Immunohistochemistry
Muscle sections were doubly stained against BrdU and c-met to localize
labelled myogenic cells (Fig.
2). The primary antibodies used were a rabbit polyclonal antibody
against c-met (m-met, SP260; Santa Cruz Biotechnology, Santa Cruz, USA) and a
mouse monoclonal antibody against BrdU (Clone BU-33, Sigma Chemicals).
Sections were first fixed in acetone for 10 min and then placed in a solution
containing 5% (v/v) normal goat's serum, 1% (v/v) Triton X-100 and 1% (m/v)

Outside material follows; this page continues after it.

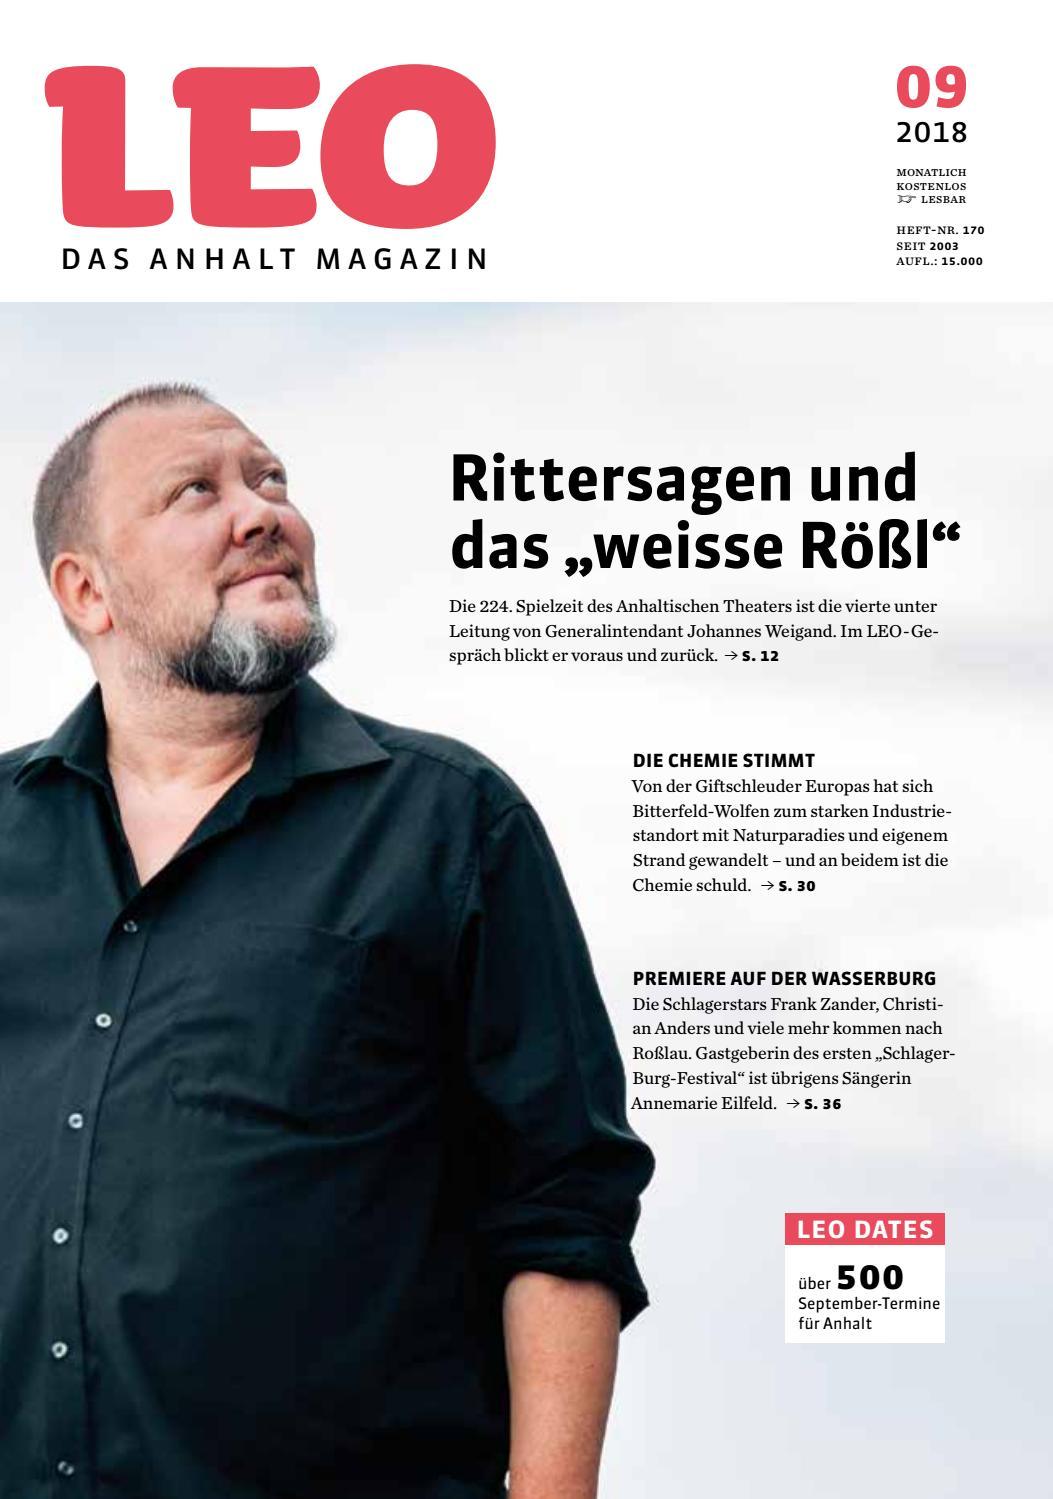 Nachrichten aus Dessau-Roßlau, Anhalt und Landkreis Wittenberg

bovine serum albumin (BSA) in PBS for 15 min to rehydrate them and block
non-specific binding sites. Sections were subsequently washed for 3x2
min in PBS and incubated overnight at 4°C with both primary antibodies
diluted 1:20 in a solution containing 1% Triton X-100 and 1% BSA in PBS. After
three washes in PBS, sections were incubated for 30 min at room temperature
with biotinylated goat anti-mouse secondary antibody (Sigma Chemicals) diluted
1:20 in a preparation of secondary anti-rabbit antibody linked by a dextran
polymer to a number of horseradish peroxidase molecules obtained from DAKO A/S
(DAKO EnVisionTM; Ely, UK). The sections were again washed for 3x2
min in PBS and incubated for 30 min at room temperature with alkaline
phosphatase-conjugated extraAvidin (Sigma Chemicals, Poole, UK) diluted 1:20
in a solution containing 1% Triton X-100 and 1% BSA in PBS. After washing the
sections for 3x2 min in Tris buffer, alkaline phosphatase activity was
developed using a solution containing Fast Blue BB, levamisole,
naphtol-ASMX-phosphate and N,N-dimethylformamide in Tris buffer,
which gives a blue end product (Van der
Loos, 1999). Peroxidase activity was afterward developed using
3-amino-9-ethylcarbazole, which gives a red end product
(Van der Loos, 1999
). Counts
of the number of red (c-met positive), blue (BrdU positive) or purple (c-met
and BrdU positive) cells were made from 60 fields of 0.024-0.031
mm2 per fish.
|
Statistical analysis
The increase of the labelling index over time was modelled at each
temperature by linear regression analysis. The slopes of the regression lines
fitted at each temperature were compared by analysis of covariance using the
general lineal model (GLM) of the SPSS statistical software.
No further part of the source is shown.